- [What is required]:
Extract only the first line of the listing and every line after it up to and including the one with "Set of four". Omit the pictures.

- [Information provided]:
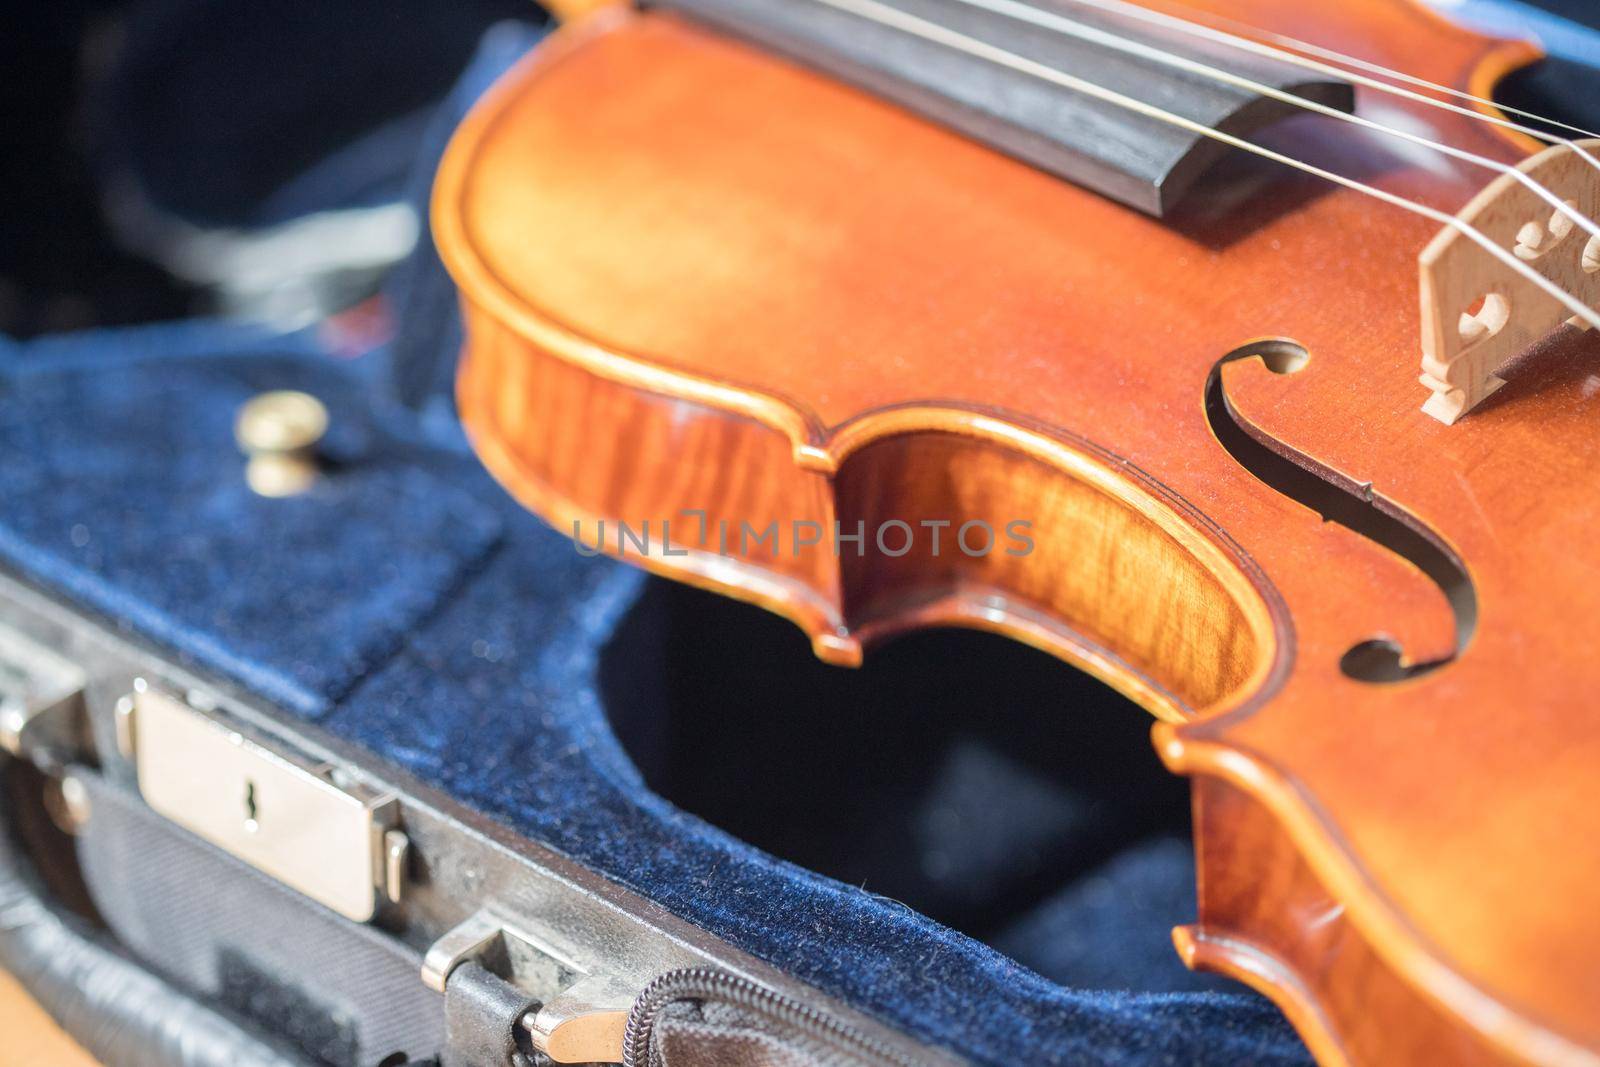 Violin music instrument concept: vintage style close up of violin by Daxenbichler
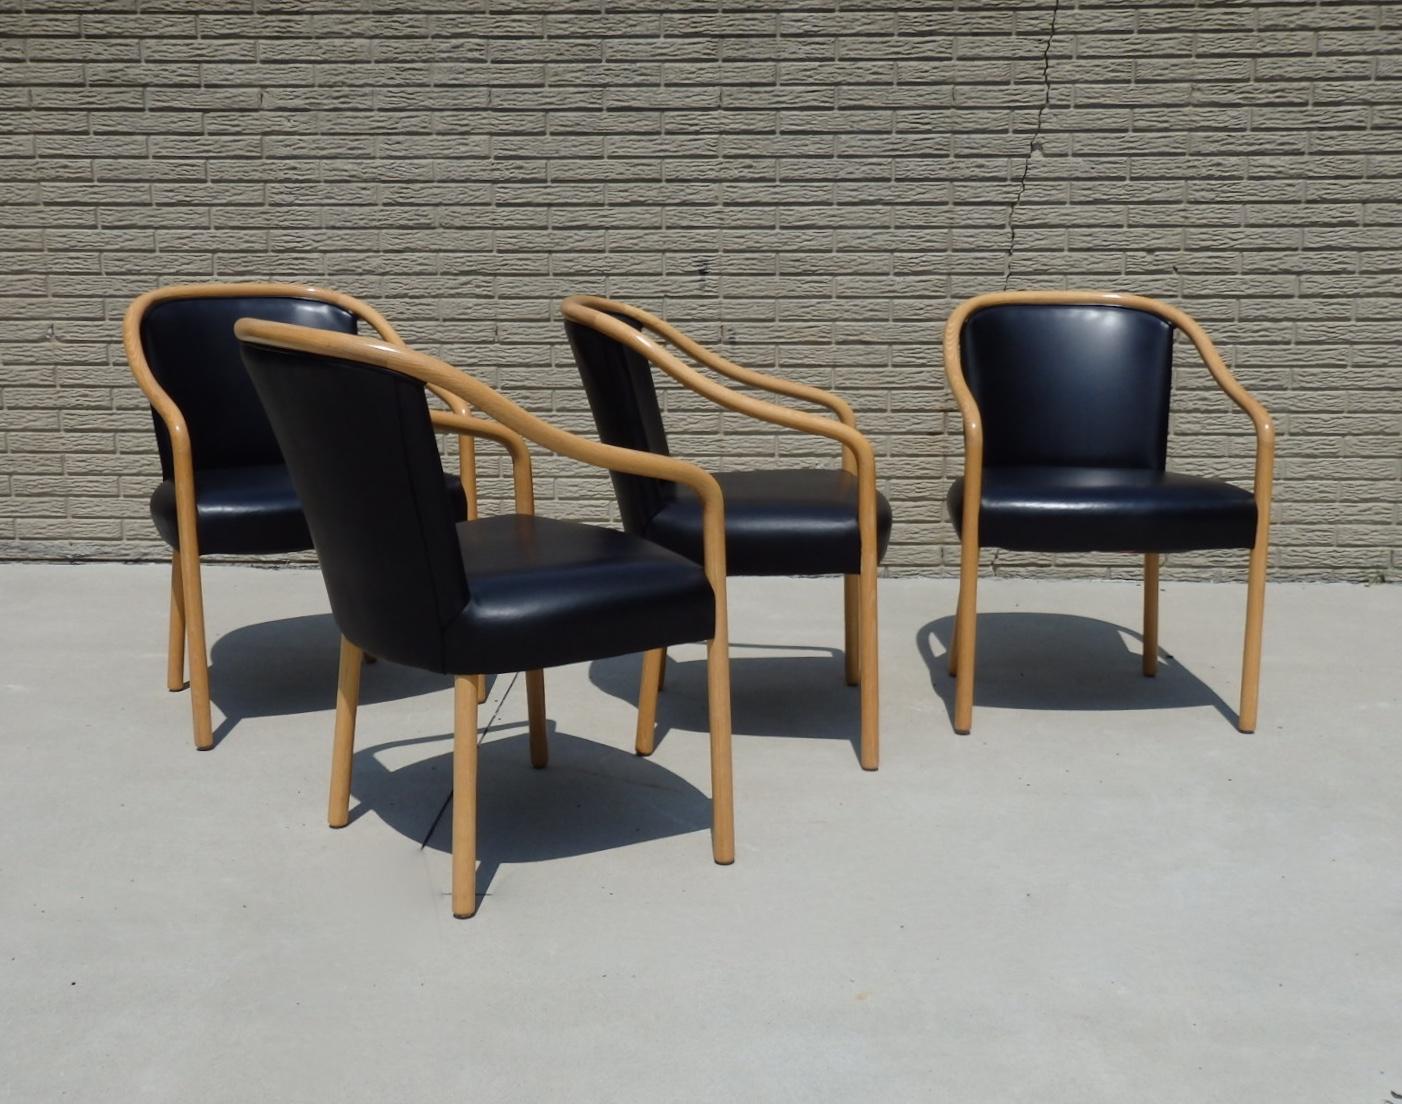 Set of four ash frame chairs upholstered in black leather. Designed by Ward Bennet for Brickel Associates. Condition is superb.
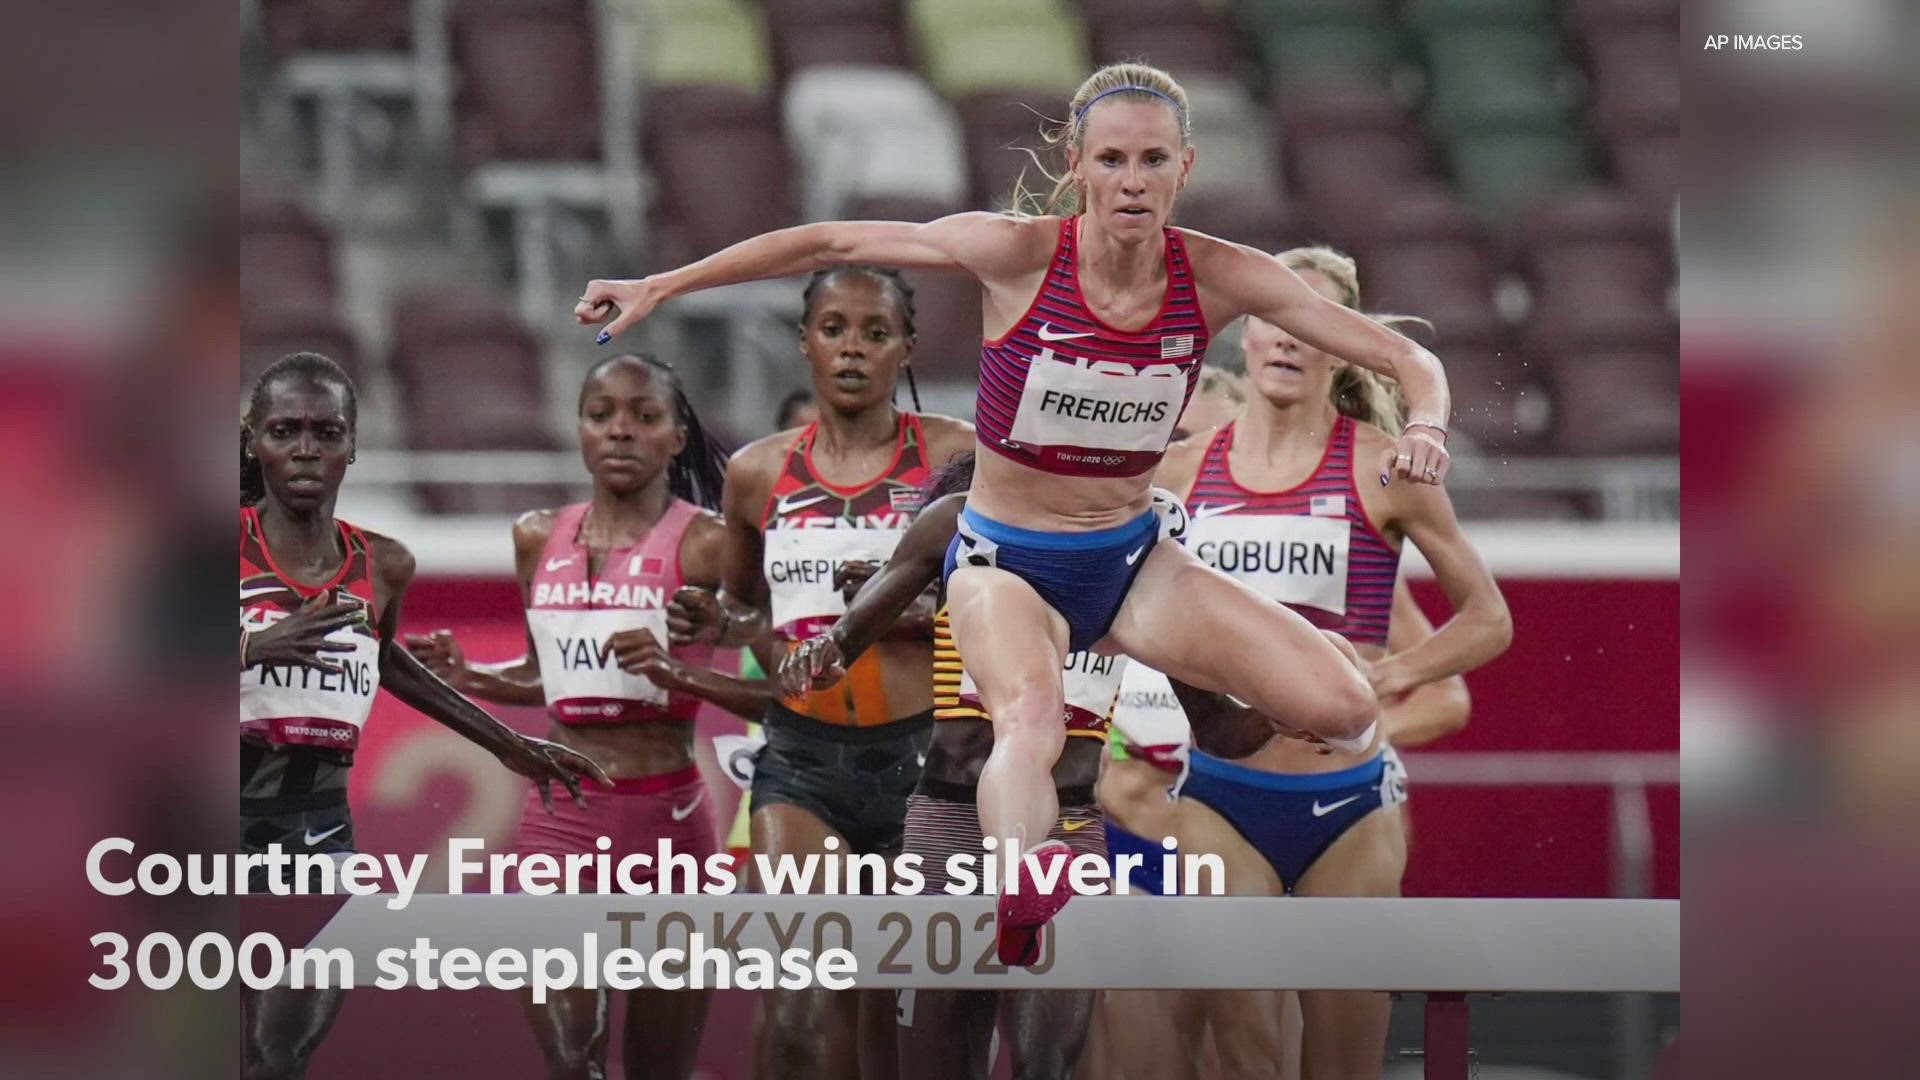 Courtney Frerichs, who lives and trains in Portland, won silver in the women's 3,000-meter steeplechase at the Tokyo Olympics on August 4.

- [Result for this exercise]:
 Violin music instrument concept: vintage style close up of violin by Daxenbichler
 Set of four ash frame chairs upholstered in black leather. Designed by Ward Bennet for Brickel Associates. Condition is superb.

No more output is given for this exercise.